• WHAT TO WORK ON: Copy each line below as it stands, but skip any picture it contains.

• GIVEN DATA:
● ● ●

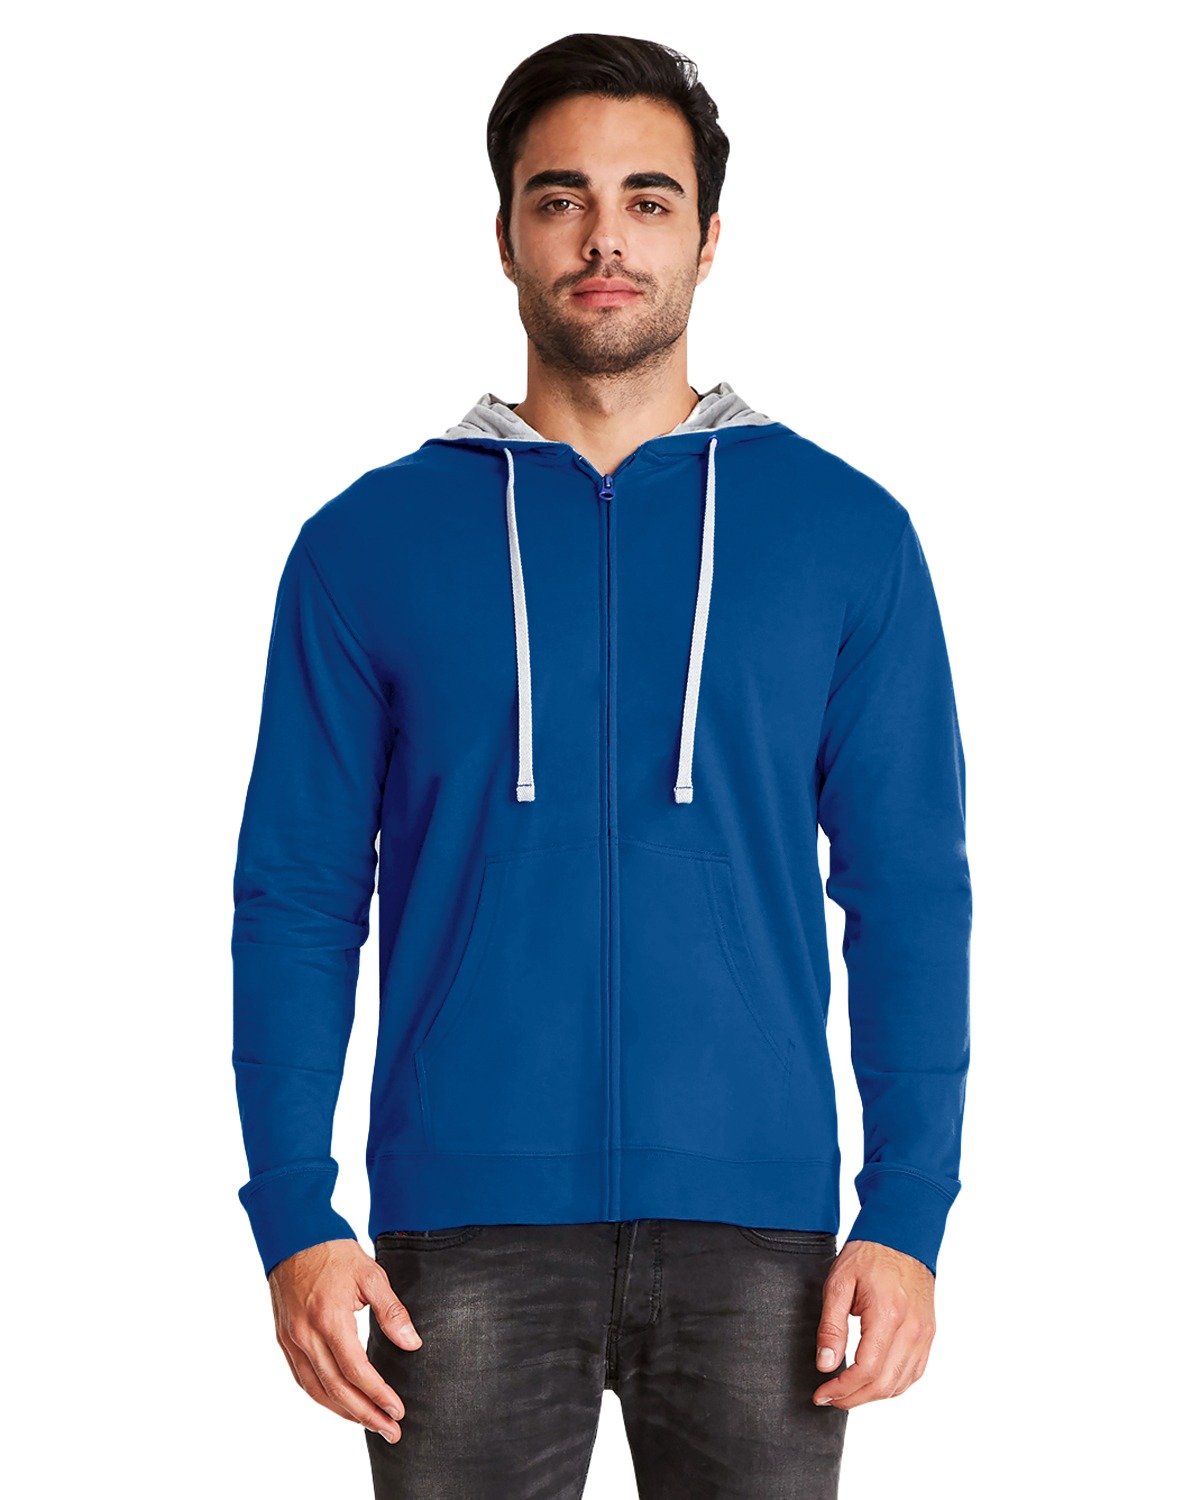 Next Level Adult Laguna French Terry Full-Zip Hooded Sweatshirt ROYAL/ HTHR GRAY 
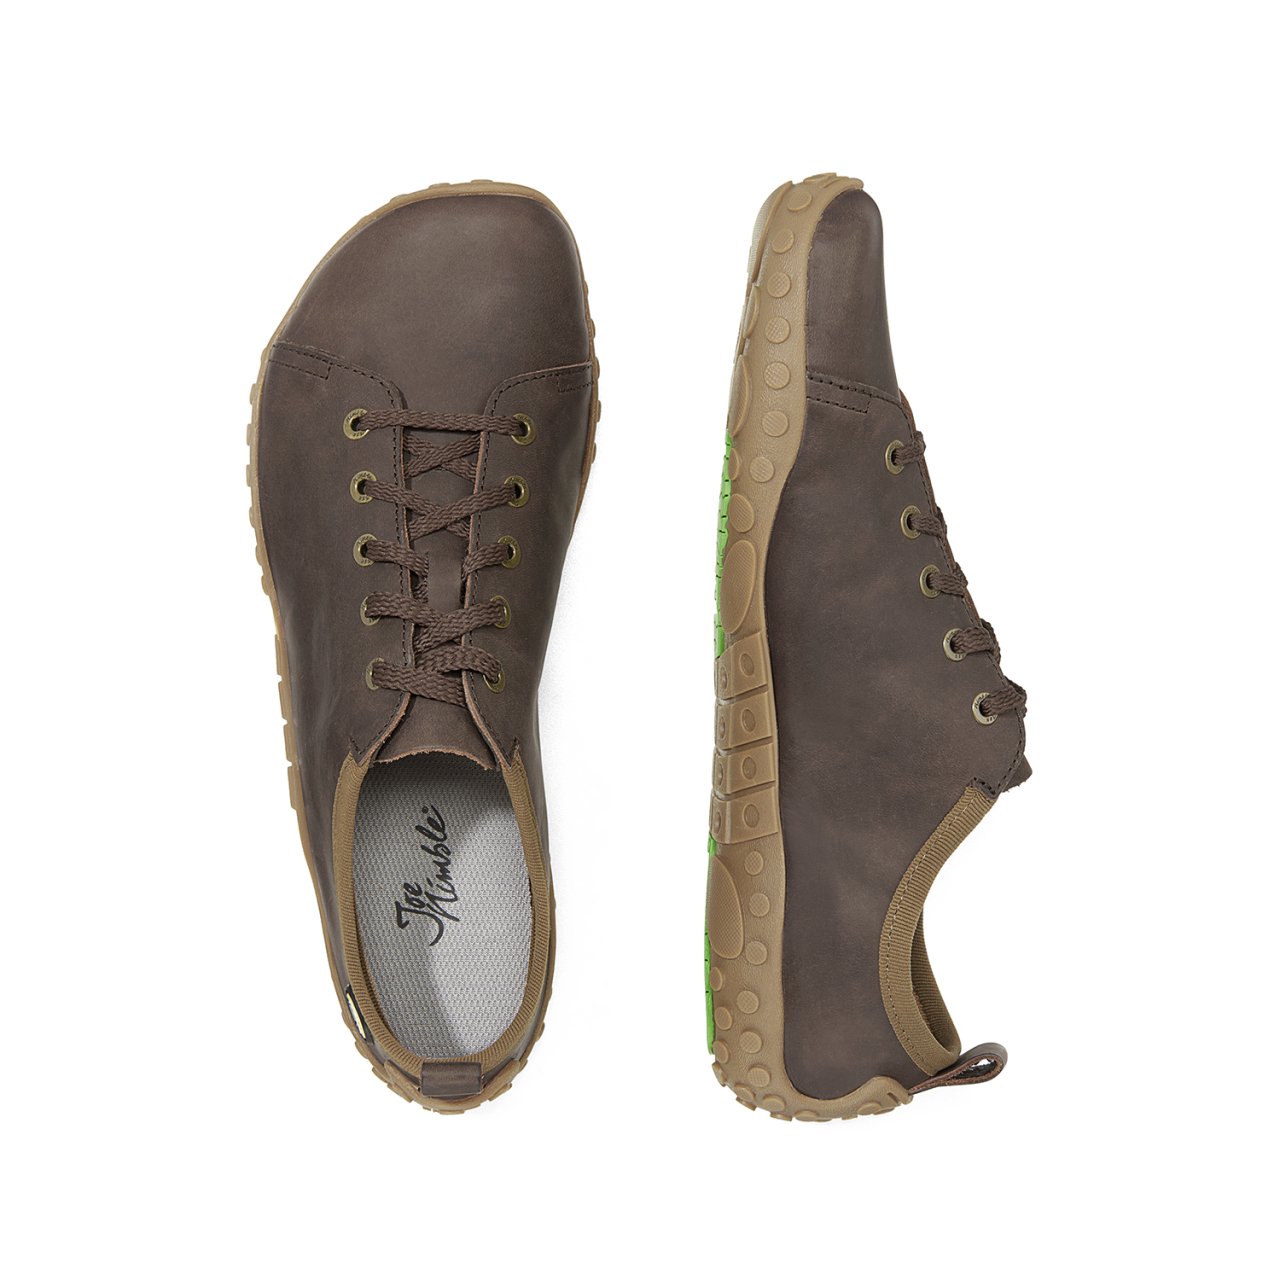 Joe Nimble [m] RelaxToes leather - dunkel brown | 1719-289 |
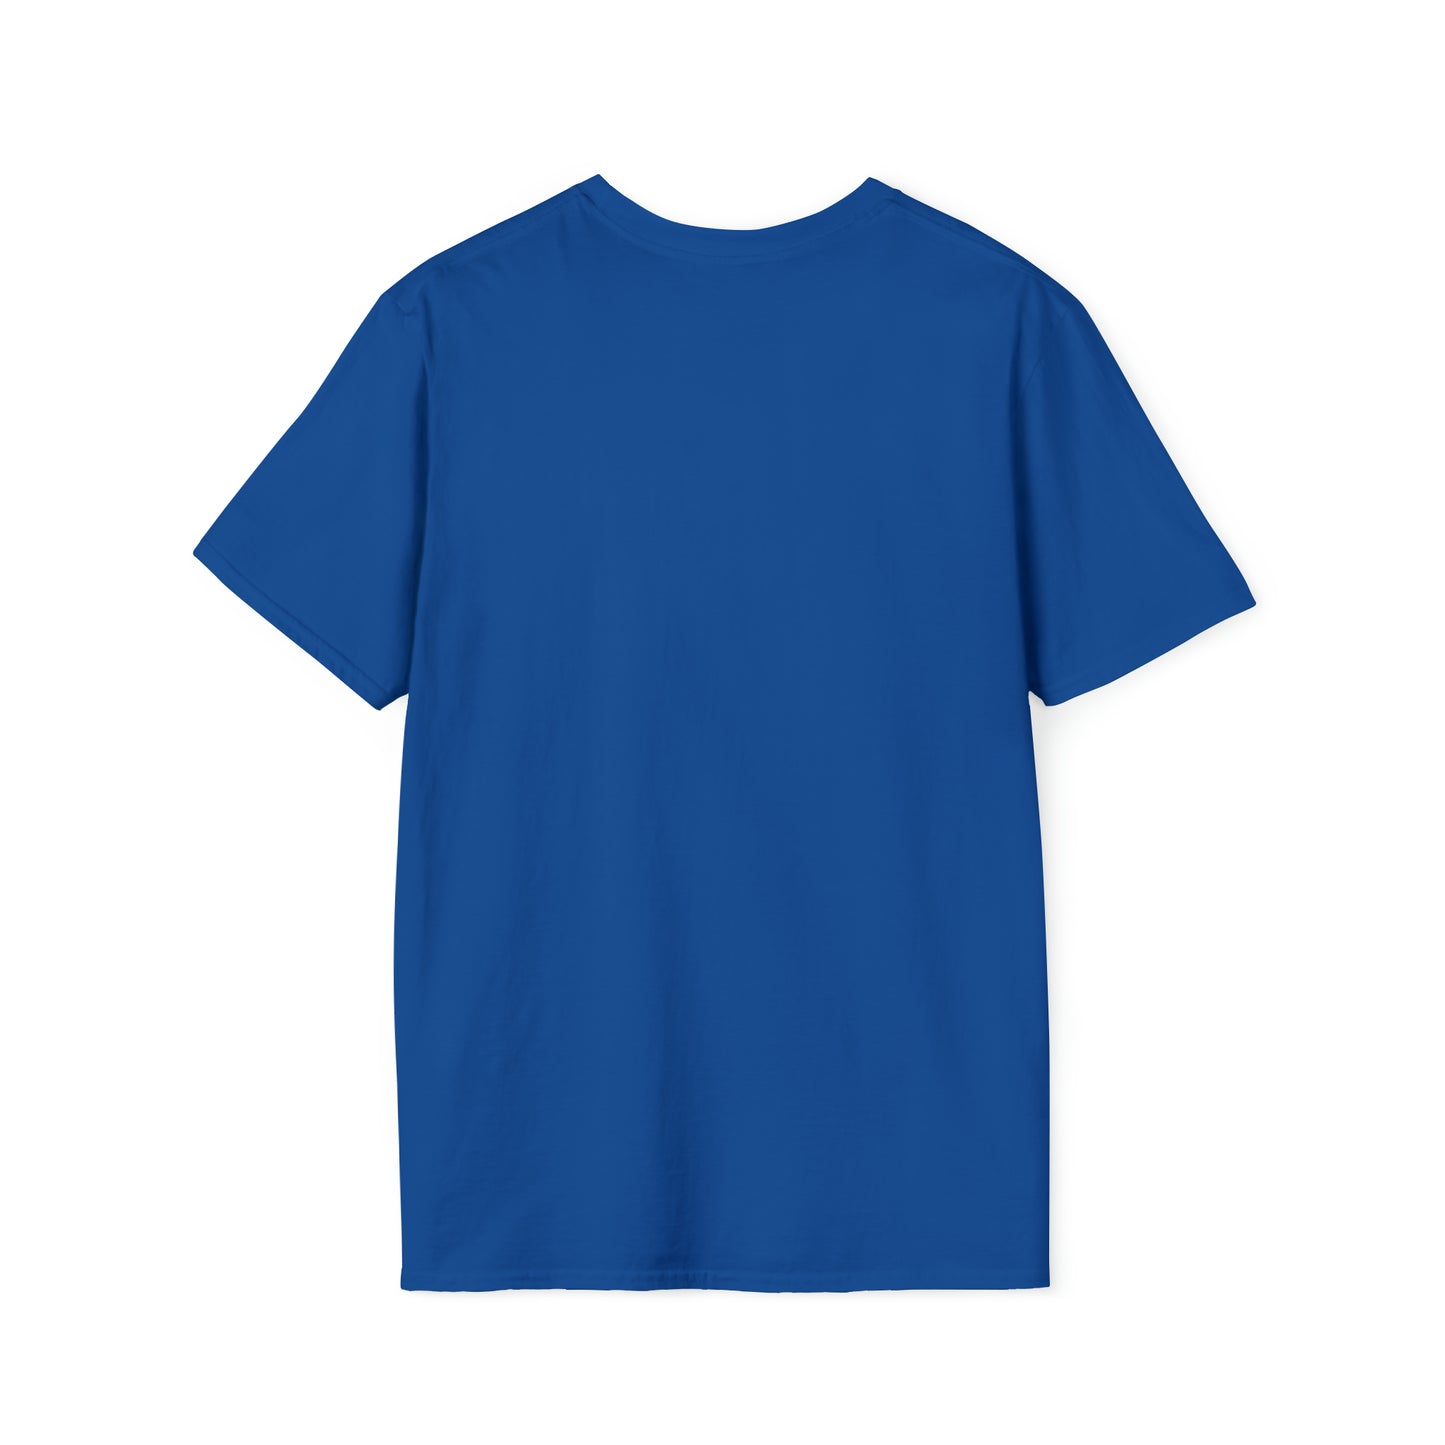 Messimporta Unisex Softstyle T-Shirt

● ● ●

• EXERCISE RESPONSE:
 Next Level Adult Laguna French Terry Full-Zip Hooded Sweatshirt ROYAL/ HTHR GRAY 
 Joe Nimble [m] RelaxToes leather - dunkel brown | 1719-289 |
 Messimporta Unisex Softstyle T-Shirt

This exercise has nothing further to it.